Justin Bieber's voice sounds like Michael J. Fox playing a theramin.

Why are black people afraid of lawn mowers? Because whenever you start it, it says run nigga nigga.

Roses are red Pickles are green I leik ur legs and whats inbetween

Billy was taking a stroll in the forest, when suddenly he met a bear. Billy remember what his father had taught him, and quikly lied down on the ground, pretending to be dead. The bear started licking Billy's face. Still he remained calm. The bear bit off Billys finger. Still he did not move. When the bear ate Billy's foot, he nearly panicked. But thinking of his wife and children he mustered his last remaining strenght, and did not move a muscle. If he tried to run or fight the bear he would surely die and never see them again. Then the bear ate Billys head.

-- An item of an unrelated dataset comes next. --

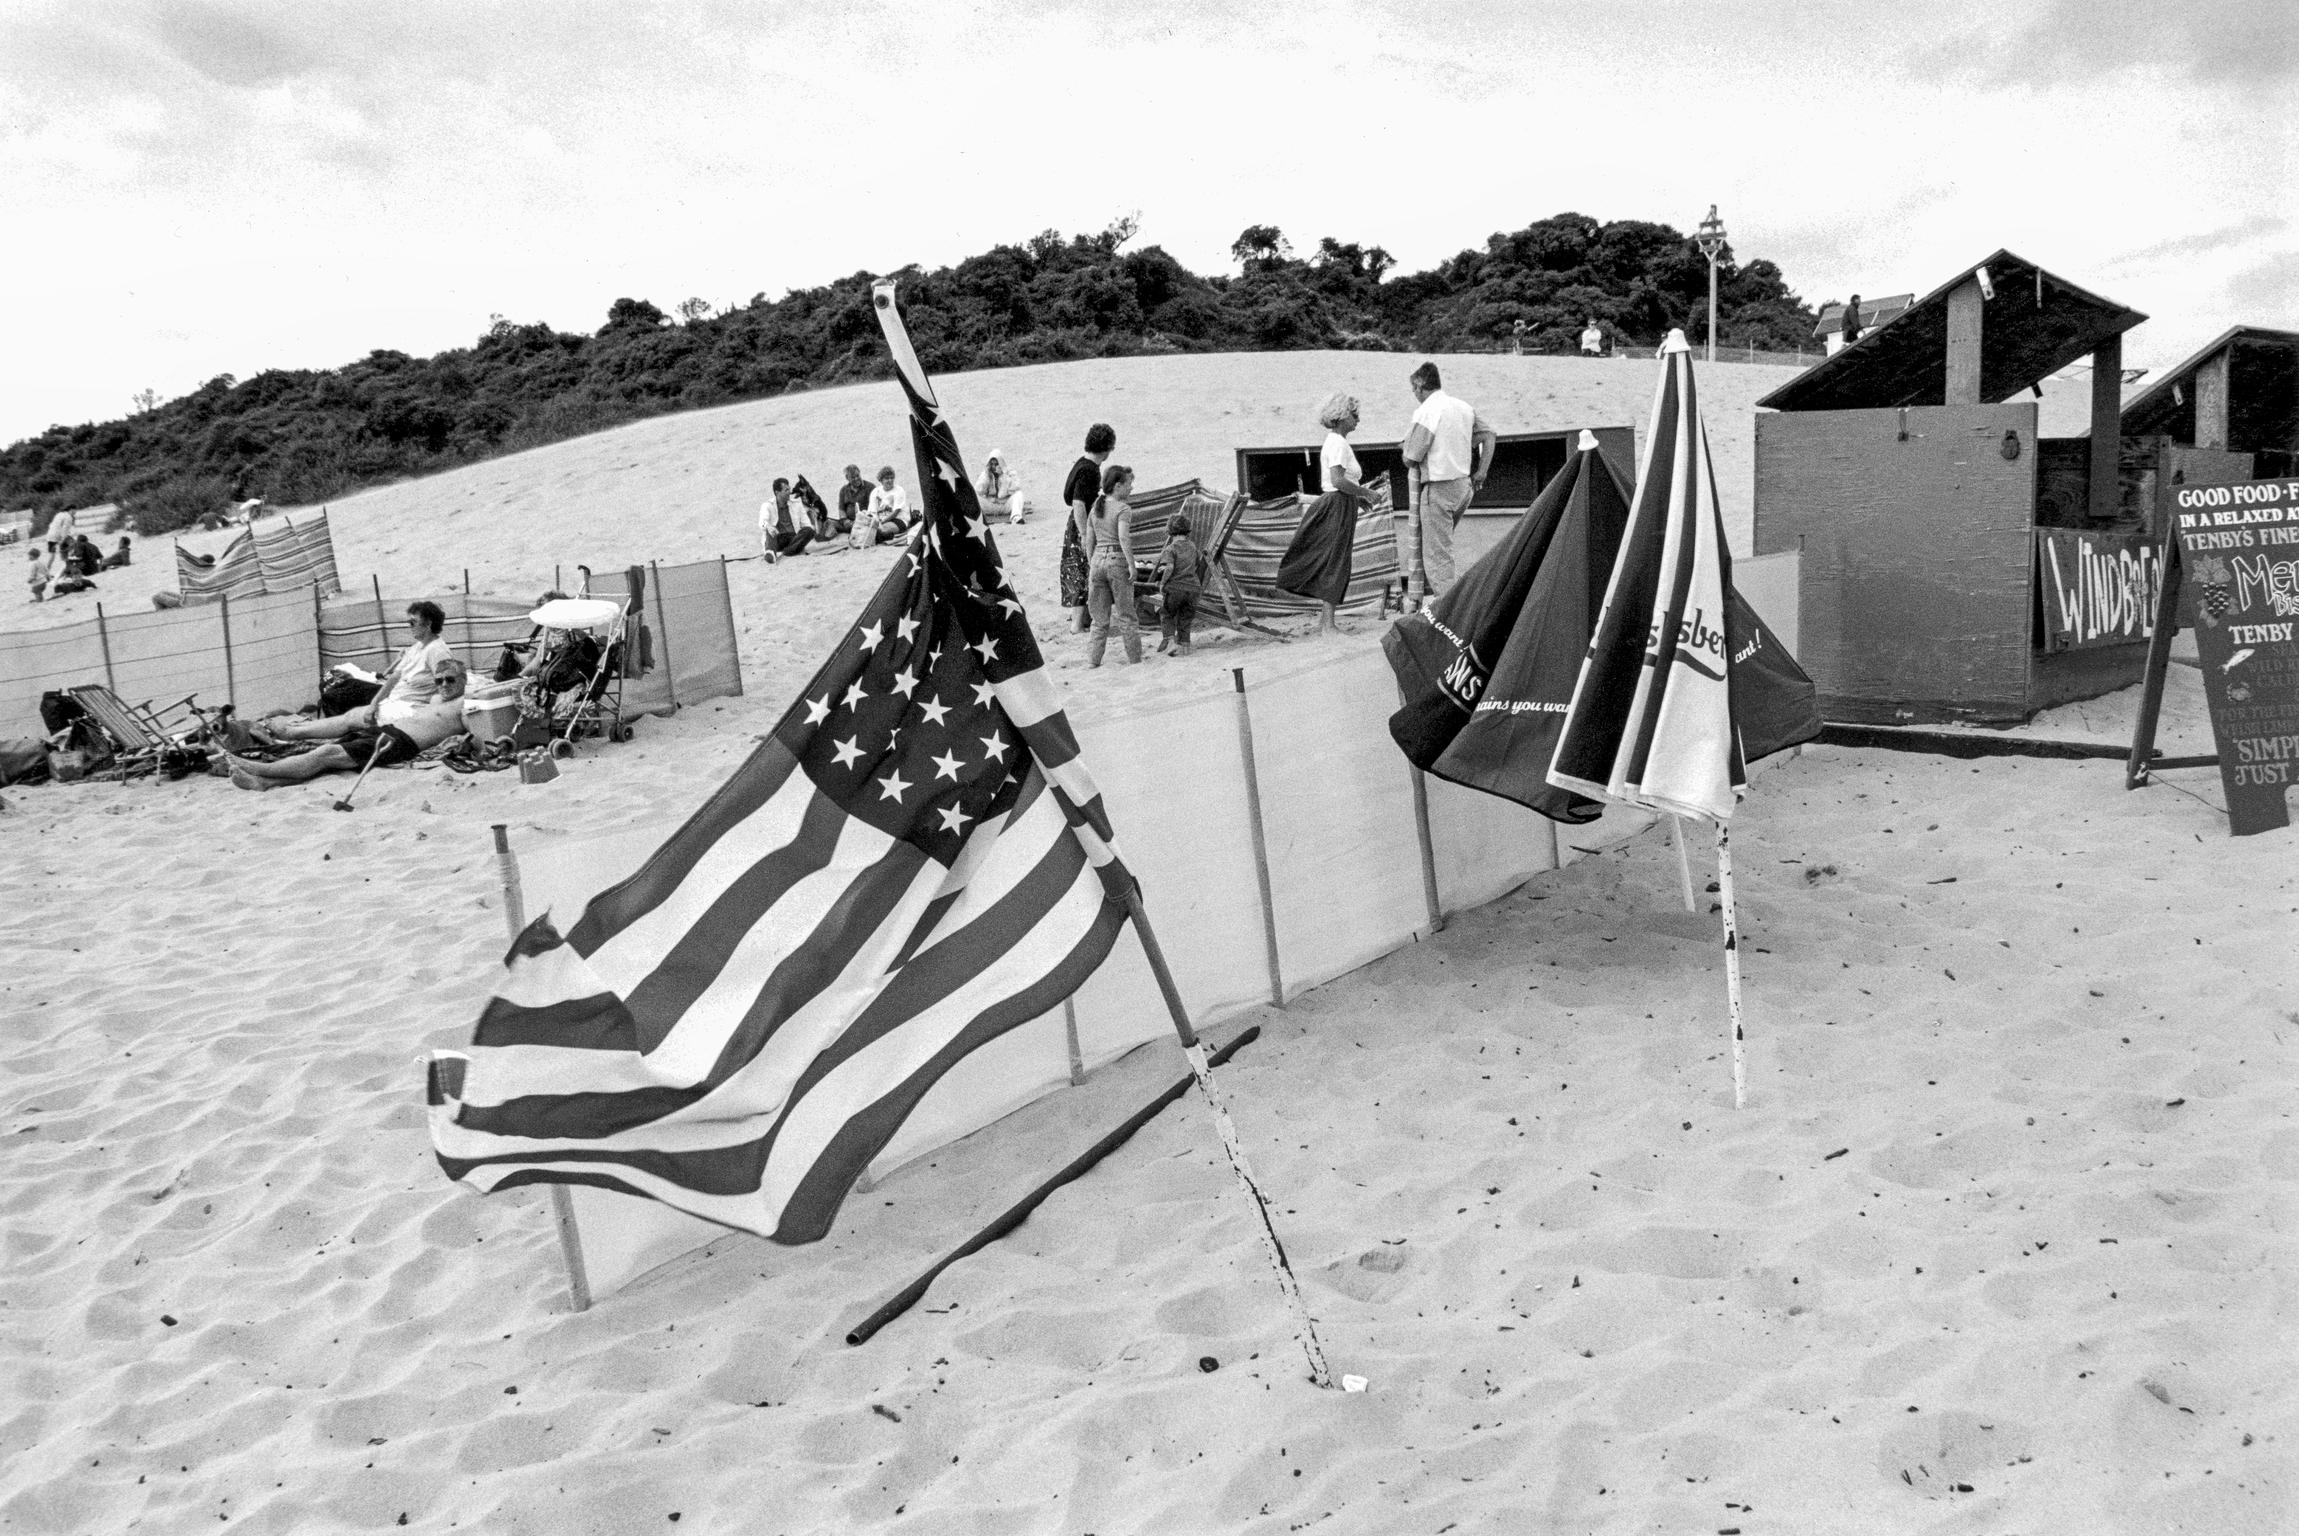 American flag on the beach. At a beach food stall. Tenby, Wales

How did Sarah Offet win? He had no arms. Knock, knock? Whose there? Not Sarah Offet

Why do things made by Glen taste so good? Because he has mastered the cream

Q) How many times did the woman jump off the cliff? A) Once she died.

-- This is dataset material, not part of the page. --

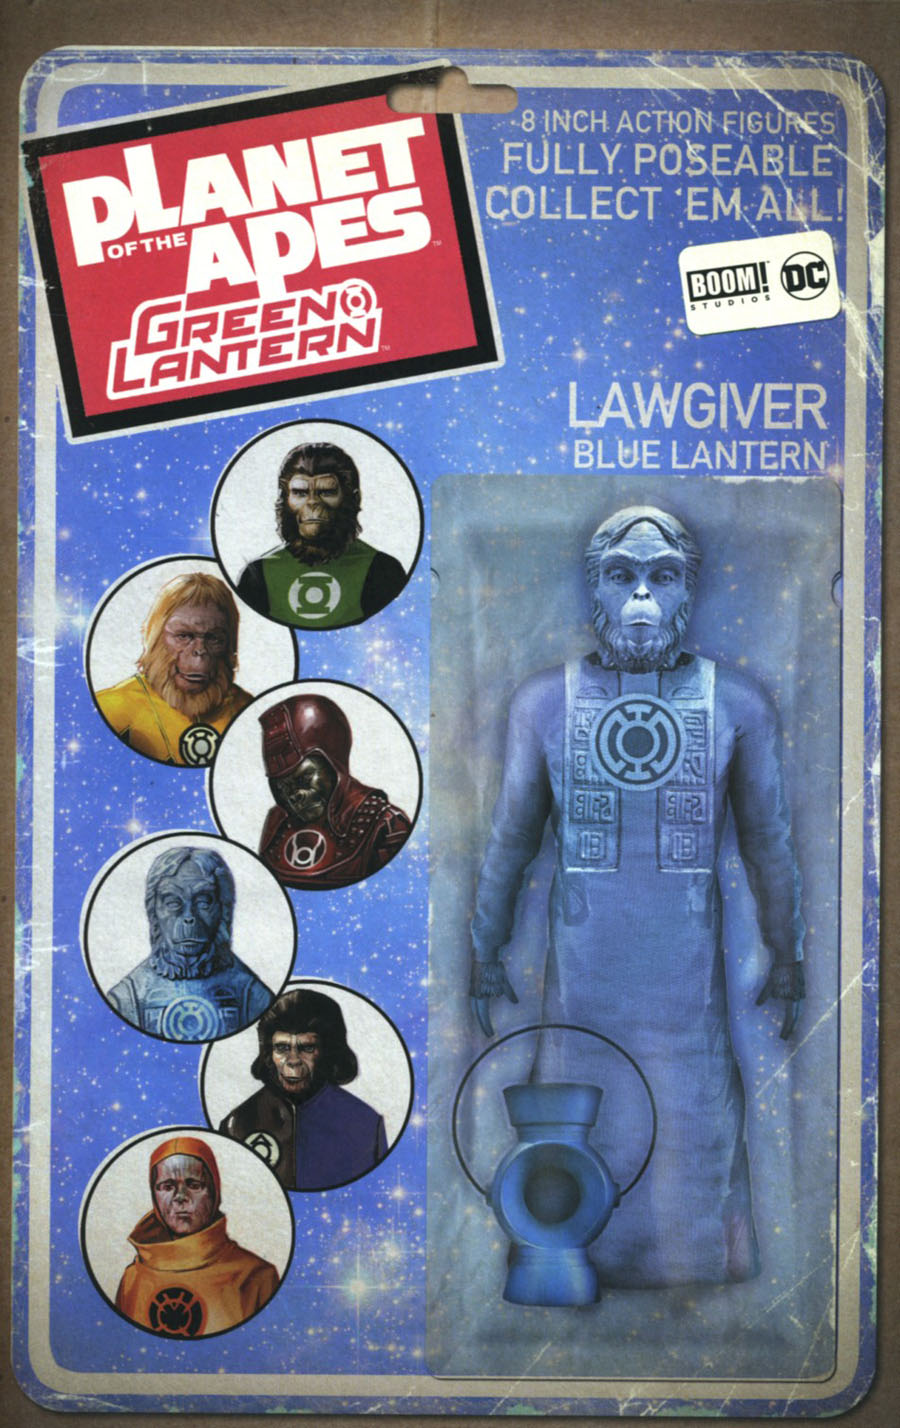 Planet Of The Apes Green Lantern #4 Cover B Variant David Ryan Robinson Vintage Action Figure Cover

What's the difference between Chuck Norris and Bigfoot? Nothing. Their both really hairy.

My dog poops u pick it up if i poop ill say f@#% you eat it DumbS%^&

What's the difference between a ball and a bouncy ball? A bouncy ball is bouncy.

When Harry met Sally, she slapped him twice without reason, walked away and kept on with her day.

Roses are read, Violets are blue, I have aids, now so do you

There once was a student named Bob. Every morning he would rush to his job. But one day there was rain, He slipped in front of his train, There used to be a student named Bob.

Jovan

why did the man stay home on a monday? He was dead.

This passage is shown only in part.